Some events were truly world class but others were not quite that, or far short.


Tilting the balance the opposite way was some outstanding local backing by a gung-ho Albuquerque organizing committee that drummed up heaps of pre-meet publicity and pushed relentlessly for crowd support.


All in all, this last Saturday in February was a day of days for track fans in, as every license plate here tells you,  “The Land of Enchantment.”


It had some rousing performances in the closing day of the Mountain West Conference Meet – that occupied the facility through the morning to 2 p.m. – followed by the USA Nationals, 3.30 through to early evening.

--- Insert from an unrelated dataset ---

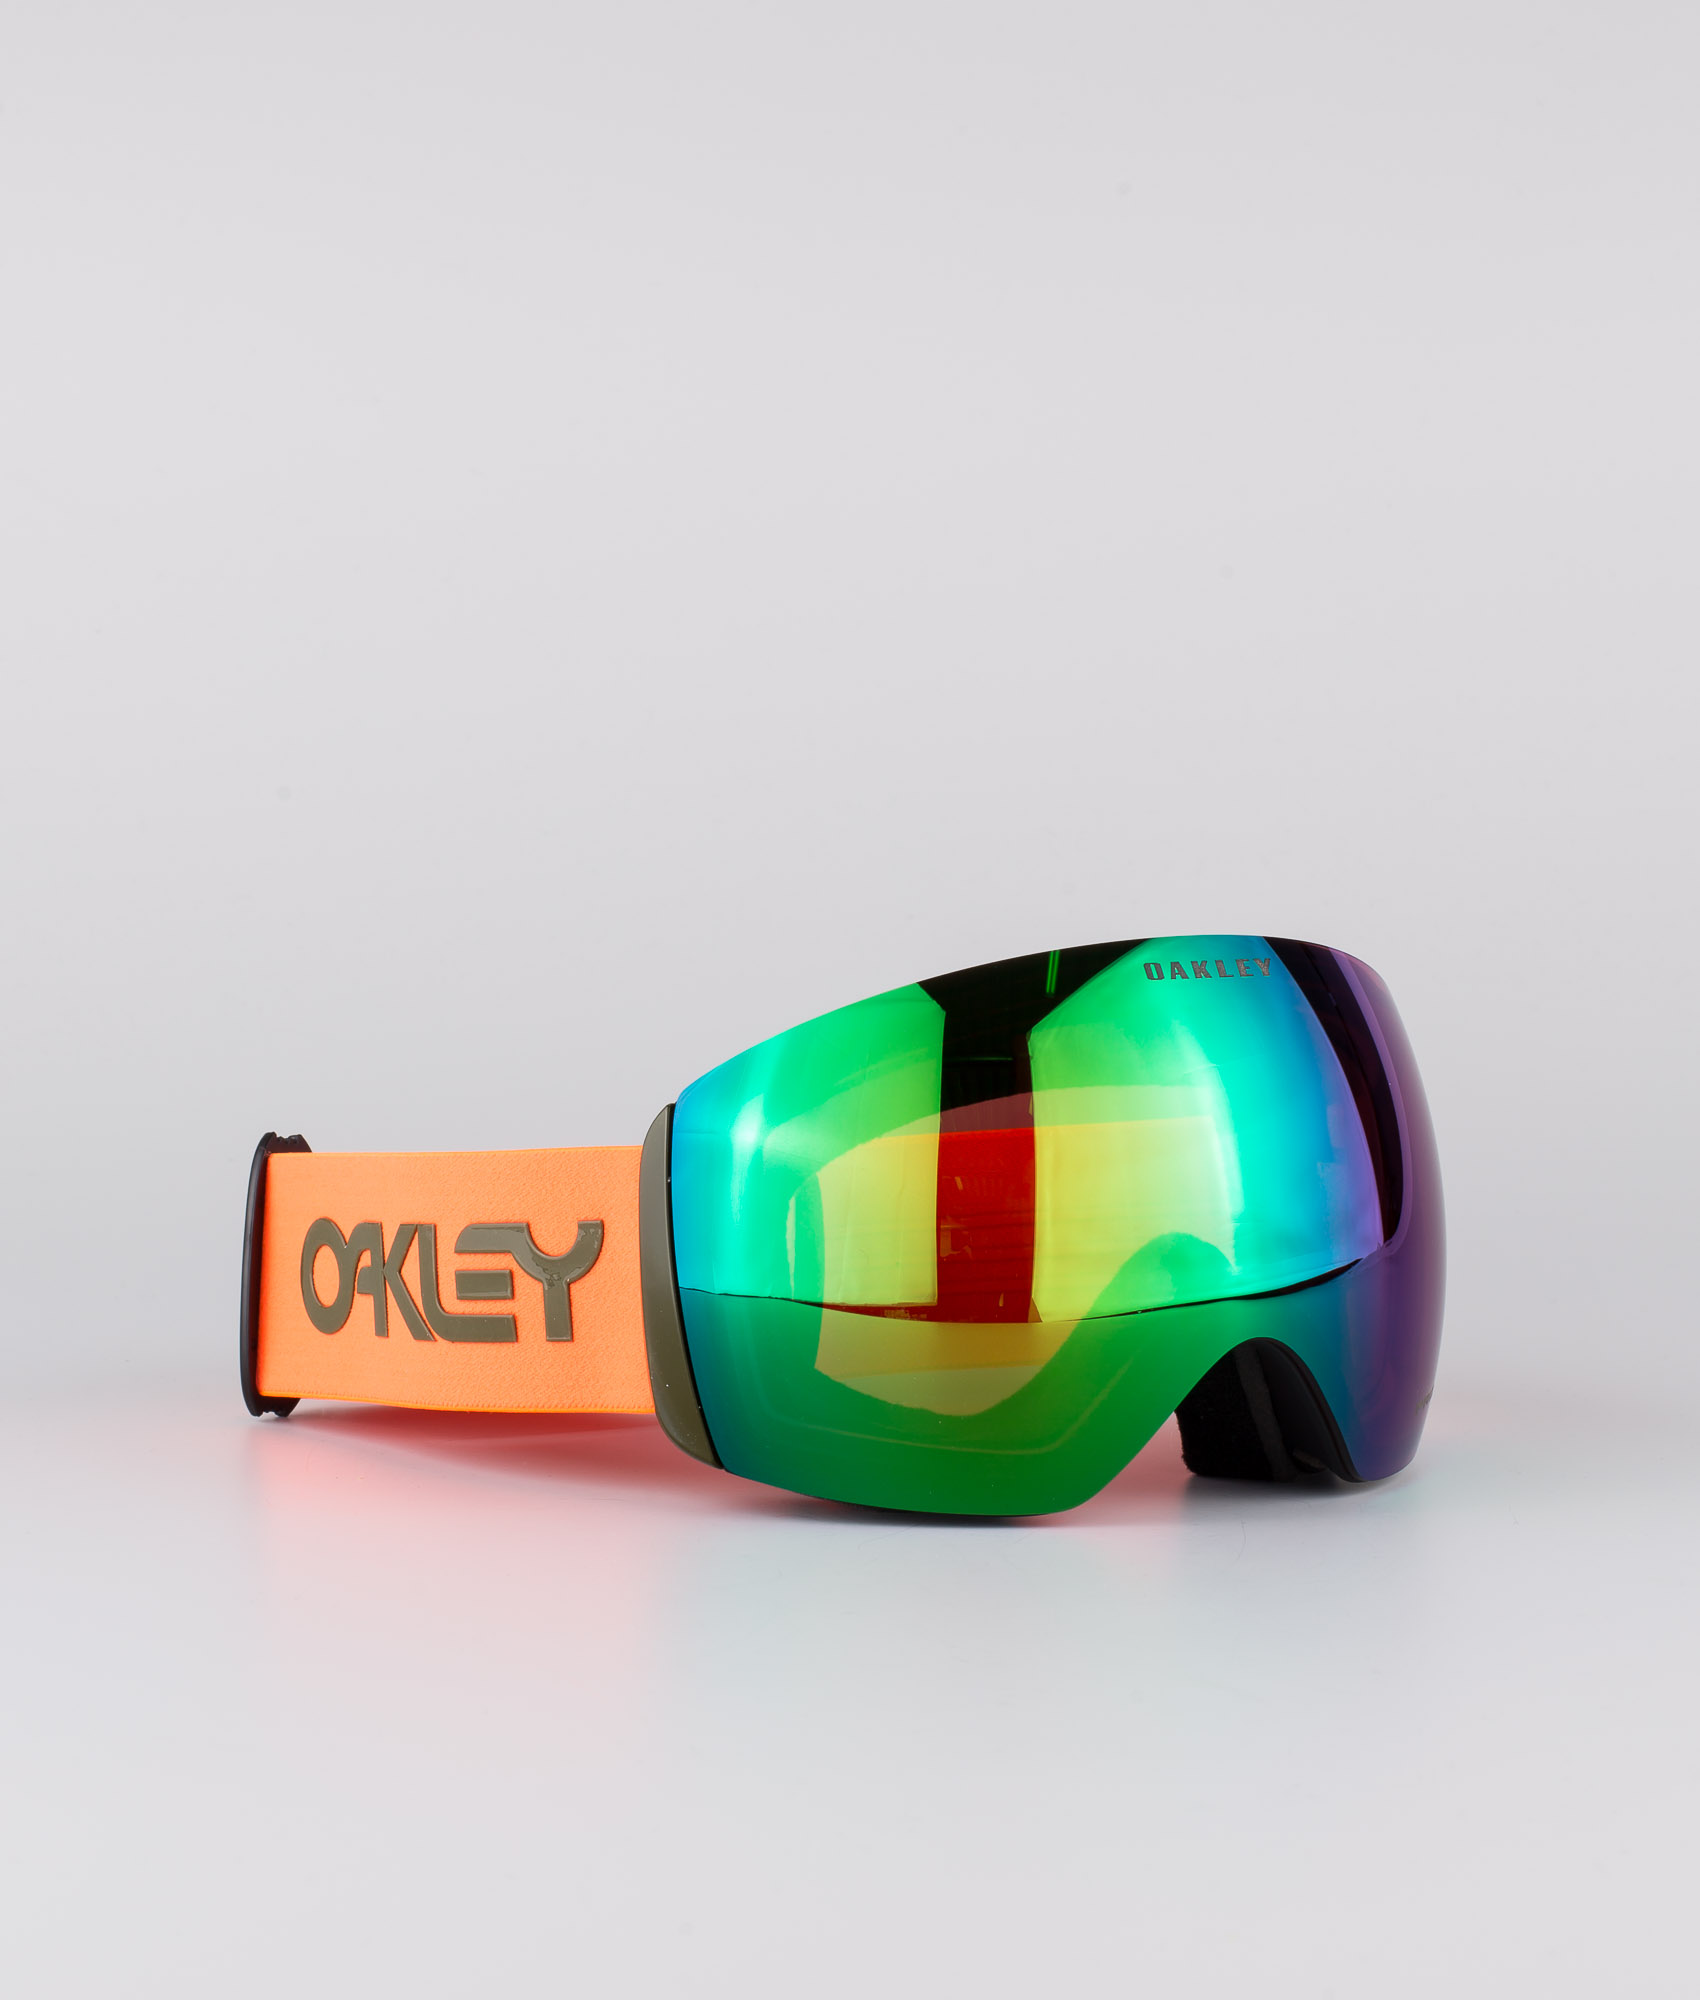 oakley pilot goggles

USA Nationals action wound up on Sunday with the best of America’s best in virtually all events going on to the IAAF World Indoor Championships in Doha, Qatar, March 12-14.


Once the “old” Indoor Nationals left Madison Square Garden, it’s been a case of bigger tracks and buildings, but far smaller crowds.  At such locations as the Reggie Lewis Center in Boston  and for one winter, the Armory Track Center in New York.


Almost surely, the Indoor Nationals will never return to Madison Square Garden. Or to the Coliseum at the State Fairgrounds. Or any place like them.


The Convention Center era has arrived. Get with it, Nationals fans. This is “where it’s at.” Through 2012, anyway.